A pressão pela abertura da CPMI do Banco Master

  • Oposição do Congresso articula abertura de uma CPMI para investigar o caso Banco Master, considerada mais viável que uma CPI por causa da fila regimental.
  • Pressão pela instalação da comissão deve ganhar força após o recesso do Carnaval, período de esvaziamento das atividades legislativas.
  • A oposição já reúne número suficiente de assinaturas; apoio inclui até parlamentares da base do governo e o líder governista.
  • Caso Banco Master envolve suspeita de fraudes, liquidação pelo BC e contrato milionário ligado à esposa do ministro Alexandre de Moraes.

Oposição insistirá em abertura de CPMI do Master após o Carnaval - destaque galeria

O cenário da abertura da CPMI ainda está um pouco embaralhado, visto que líderes da base do governo do presidente Luiz Inácio Lula da Silva (PT), como Eduardo Braga (MDB-AM) e Omar Aziz (PSD-AM), também assinaram. O líder do governo no Congresso, Randolfe Rodrigues (PT-AP), também defende a abertura de uma investigação.
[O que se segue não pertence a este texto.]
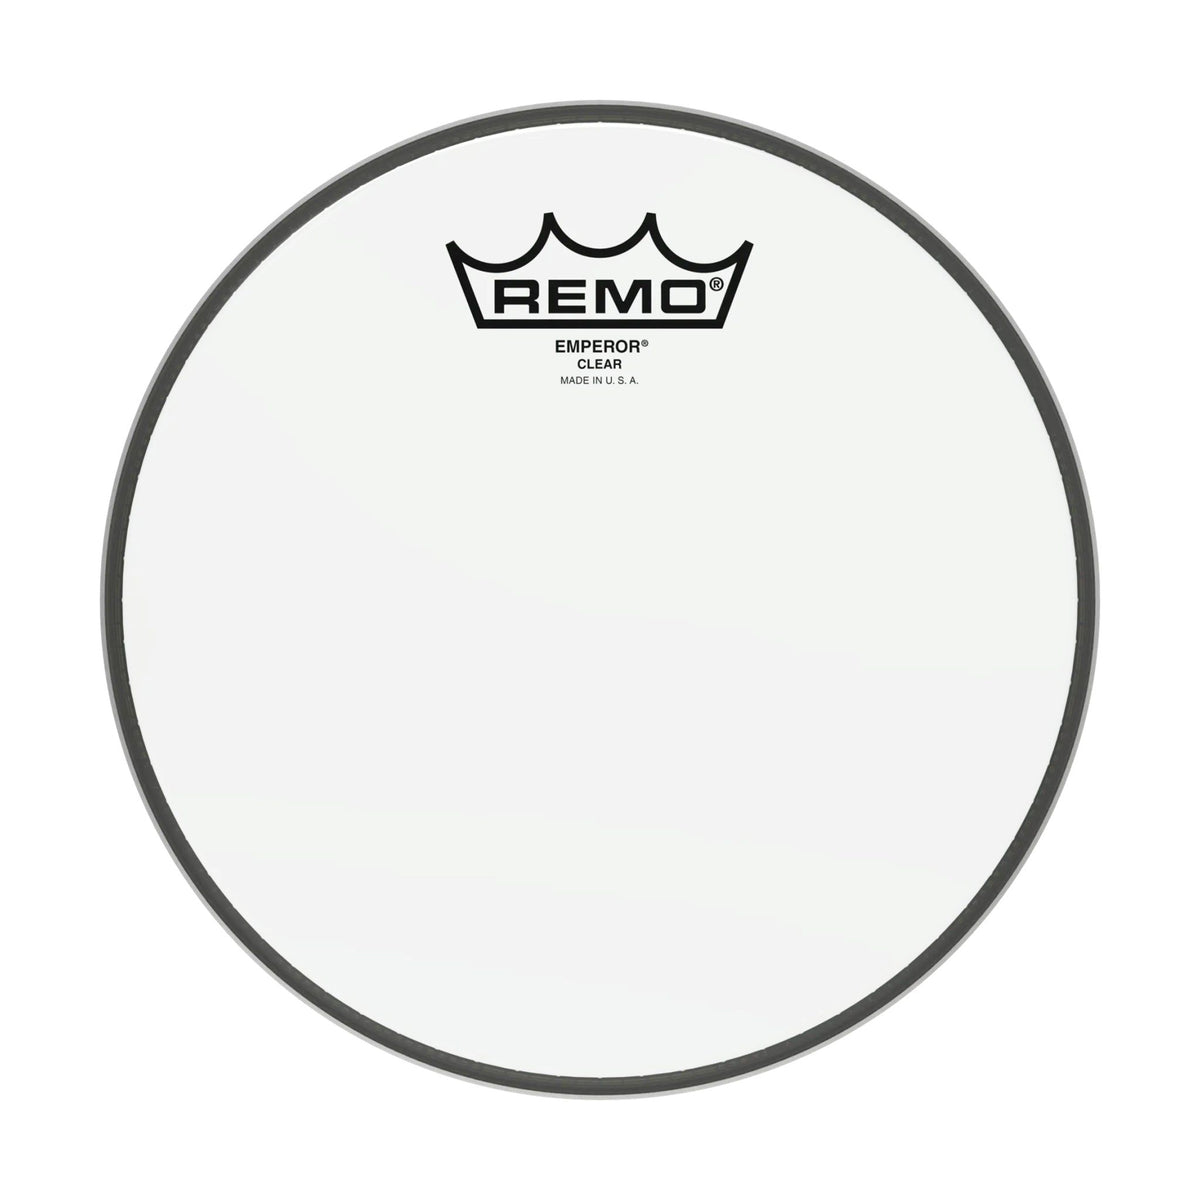 Remo Emperor 8 Inch Clear Drumhead BE-0308-00

Para uma comissão de investigação ser aberta, no entanto, o requerimento de criação deve ser lido em uma sessão conjunta pelo respectivo presidente da Casa. Neste caso, precisa ser proferida pelo presidente do Senado, Davi Alcolumbre (União Brasil-AP).
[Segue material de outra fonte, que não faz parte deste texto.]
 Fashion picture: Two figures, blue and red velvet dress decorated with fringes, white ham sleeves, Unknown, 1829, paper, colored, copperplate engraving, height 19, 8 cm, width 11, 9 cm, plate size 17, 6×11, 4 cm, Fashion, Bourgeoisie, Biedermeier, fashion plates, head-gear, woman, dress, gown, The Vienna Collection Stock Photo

Regimentalmente, no entanto, não há prazo para que Alcolumbre faça a oficialização da CPMI. O requerimento sugere a composição de 30 membros, 15 senadores e 15 deputados, e uma duração inicial de 180 dias, podendo ser prorrogada.

Banco Master

O episódio passou a repercutir entre aliados do ex-presidente Jair Bolsonaro (PL) após a divulgação de vínculos entre o Banco Master — que teve sua liquidação decretada pelo Banco Central sob suspeita de fraudes — e o escritório de advocacia pertencente à esposa do ministro do Supremo Tribunal Federal (STF) Alexandre de Moraes, responsável pela relatoria da ação penal sobre a tentativa de golpe.

A contratação, que previa o pagamento de R$ 129 milhões em honorários, foi localizada no telefone celular do controlador da instituição, Daniel Vorcaro. O aparelho foi apreendido no momento em que o empresário foi detido durante a Operação Compliance Zero, deflagrada simultaneamente à intervenção no banco. Vorcaro se preparava para viajar a Dubai quando foi abordado por agentes da Polícia Federal.